→ **WHAT IS NEEDED**:
Write out again, exactly, the lines below starting at the one with "Academy Burago Model" and ending at the one with "Medea Sumoylation Restricts".

──────── SUPPLIED ENTRIES ────────

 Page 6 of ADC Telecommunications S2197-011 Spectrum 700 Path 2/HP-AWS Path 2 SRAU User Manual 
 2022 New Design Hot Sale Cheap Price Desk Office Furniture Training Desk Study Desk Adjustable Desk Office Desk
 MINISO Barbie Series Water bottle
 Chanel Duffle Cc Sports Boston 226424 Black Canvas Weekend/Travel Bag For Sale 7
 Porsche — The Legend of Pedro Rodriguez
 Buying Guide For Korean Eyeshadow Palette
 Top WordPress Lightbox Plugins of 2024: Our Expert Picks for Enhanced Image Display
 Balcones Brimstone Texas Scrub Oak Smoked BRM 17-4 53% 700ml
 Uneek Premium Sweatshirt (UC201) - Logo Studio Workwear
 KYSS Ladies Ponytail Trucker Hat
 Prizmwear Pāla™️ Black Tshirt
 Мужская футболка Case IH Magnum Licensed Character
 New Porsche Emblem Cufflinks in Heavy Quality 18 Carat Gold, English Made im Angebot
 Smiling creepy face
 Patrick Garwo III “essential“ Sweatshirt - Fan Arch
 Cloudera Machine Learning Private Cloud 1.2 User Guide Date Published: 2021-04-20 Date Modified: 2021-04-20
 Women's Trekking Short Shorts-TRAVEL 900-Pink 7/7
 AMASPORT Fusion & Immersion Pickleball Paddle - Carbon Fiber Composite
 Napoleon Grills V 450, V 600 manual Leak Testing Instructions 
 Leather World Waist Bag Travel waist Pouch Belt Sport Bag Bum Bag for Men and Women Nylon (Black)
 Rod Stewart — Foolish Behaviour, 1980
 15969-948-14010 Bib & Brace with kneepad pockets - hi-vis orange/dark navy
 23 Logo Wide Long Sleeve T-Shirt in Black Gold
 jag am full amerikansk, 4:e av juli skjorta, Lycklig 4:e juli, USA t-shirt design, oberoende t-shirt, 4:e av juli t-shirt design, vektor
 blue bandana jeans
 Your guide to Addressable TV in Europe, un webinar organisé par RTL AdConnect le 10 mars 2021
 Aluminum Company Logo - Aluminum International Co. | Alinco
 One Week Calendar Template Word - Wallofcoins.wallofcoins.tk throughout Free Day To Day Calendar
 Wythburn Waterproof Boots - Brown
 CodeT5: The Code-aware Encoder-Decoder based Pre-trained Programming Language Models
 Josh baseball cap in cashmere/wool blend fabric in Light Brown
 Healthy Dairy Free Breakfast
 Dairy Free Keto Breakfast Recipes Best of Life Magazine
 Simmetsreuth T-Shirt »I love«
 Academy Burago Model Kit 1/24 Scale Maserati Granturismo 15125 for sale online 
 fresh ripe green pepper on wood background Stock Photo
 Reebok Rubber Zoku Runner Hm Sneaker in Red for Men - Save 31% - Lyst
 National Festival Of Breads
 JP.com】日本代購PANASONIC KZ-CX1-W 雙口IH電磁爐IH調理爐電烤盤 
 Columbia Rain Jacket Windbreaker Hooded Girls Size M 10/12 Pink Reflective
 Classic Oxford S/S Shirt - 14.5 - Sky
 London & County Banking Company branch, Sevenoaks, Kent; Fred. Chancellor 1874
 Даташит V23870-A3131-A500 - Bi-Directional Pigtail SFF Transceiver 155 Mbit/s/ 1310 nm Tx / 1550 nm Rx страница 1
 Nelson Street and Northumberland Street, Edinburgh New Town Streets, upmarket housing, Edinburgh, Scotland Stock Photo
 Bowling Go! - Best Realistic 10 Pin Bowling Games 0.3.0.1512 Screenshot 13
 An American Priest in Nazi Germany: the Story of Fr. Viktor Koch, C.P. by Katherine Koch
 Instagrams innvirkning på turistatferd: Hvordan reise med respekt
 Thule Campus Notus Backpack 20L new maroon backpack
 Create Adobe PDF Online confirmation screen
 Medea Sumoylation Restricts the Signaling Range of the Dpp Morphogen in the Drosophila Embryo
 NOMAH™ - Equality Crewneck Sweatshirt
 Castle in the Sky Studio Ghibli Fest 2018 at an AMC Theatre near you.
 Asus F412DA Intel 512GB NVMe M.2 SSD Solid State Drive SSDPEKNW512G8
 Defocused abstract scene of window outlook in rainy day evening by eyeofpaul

────────

→ **ANSWER BOX**:
 Academy Burago Model Kit 1/24 Scale Maserati Granturismo 15125 for sale online 
 fresh ripe green pepper on wood background Stock Photo
 Reebok Rubber Zoku Runner Hm Sneaker in Red for Men - Save 31% - Lyst
 National Festival Of Breads
 JP.com】日本代購PANASONIC KZ-CX1-W 雙口IH電磁爐IH調理爐電烤盤 
 Columbia Rain Jacket Windbreaker Hooded Girls Size M 10/12 Pink Reflective
 Classic Oxford S/S Shirt - 14.5 - Sky
 London & County Banking Company branch, Sevenoaks, Kent; Fred. Chancellor 1874
 Даташит V23870-A3131-A500 - Bi-Directional Pigtail SFF Transceiver 155 Mbit/s/ 1310 nm Tx / 1550 nm Rx страница 1
 Nelson Street and Northumberland Street, Edinburgh New Town Streets, upmarket housing, Edinburgh, Scotland Stock Photo
 Bowling Go! - Best Realistic 10 Pin Bowling Games 0.3.0.1512 Screenshot 13
 An American Priest in Nazi Germany: the Story of Fr. Viktor Koch, C.P. by Katherine Koch
 Instagrams innvirkning på turistatferd: Hvordan reise med respekt
 Thule Campus Notus Backpack 20L new maroon backpack
 Create Adobe PDF Online confirmation screen
 Medea Sumoylation Restricts the Signaling Range of the Dpp Morphogen in the Drosophila Embryo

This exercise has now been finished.